For example, once word line 302 is activated, the voltage along bit
line 332 or 334 will drop based on whether storage cell 352 stores
a 0 or a 1. Similarly, the voltage along bit line 336 or 338 will
drop based on whether storage cell 354 contains a 0 or a 1.
[0023] Column decoder 206 determines which of the columns 322-328
from FIG. 3 contains the storage cell that is to be read. More
specifically, column decoder 206 is configured to receive an output
signal from each of the columns 322-328 and select the output
signal form the column corresponding to the storage cell being
read. Each of the output signals corresponds to the differential
voltage carried in the differential pair of bit lines. For example,
if storage cell 352 is to be read, column decoder 206 selects
column 322 and its differential pair of bit lines 332-334. Sense
amplifier 208 then may sense which of the selected differential
pair of bit lines has the higher voltage through amplification,
thus determining whether the storage cell stores a 0 or a 1. In
other words, the sense amplifier 208 is configured to determine the
state of the selected column by sensing the column voltage
differential. Continuing the previous example, once column decoder
206 selects column 322, the sense amplifier will sense, or
determine, which of bit lines 332 and 334 has a higher voltage.

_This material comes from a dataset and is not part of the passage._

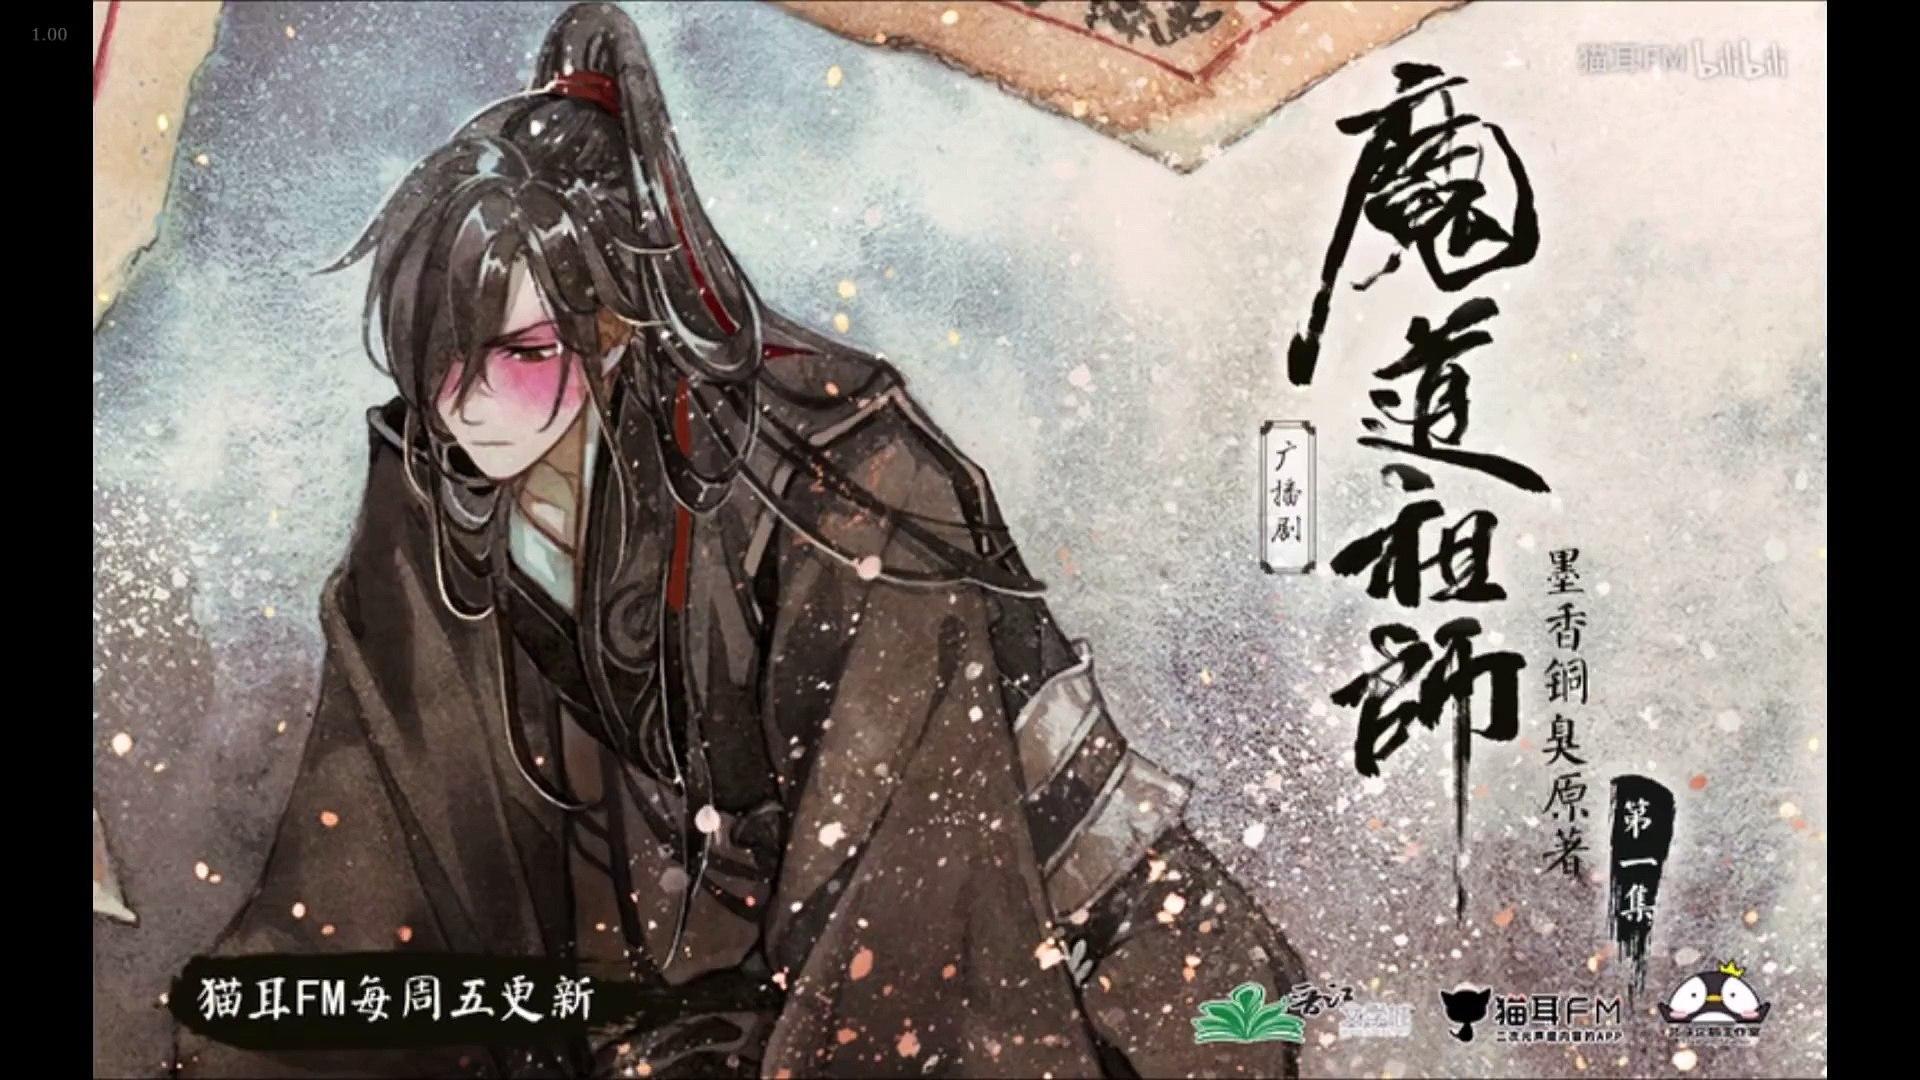 Mo Dao Zu Shi Wallpapers Wallpaper Cave

Once this is determined, the state of storage cell 352 is able to
be determined.
[0024] Read controller 204 then may identify consecutive reads from
storage cells accessed via the same word line. For example, if a
read from storage cell 352 is immediately followed by a read from
storage cell 354, which is on the same word line, word line 302, as
storage cell 352, read controller 204 makes this identification.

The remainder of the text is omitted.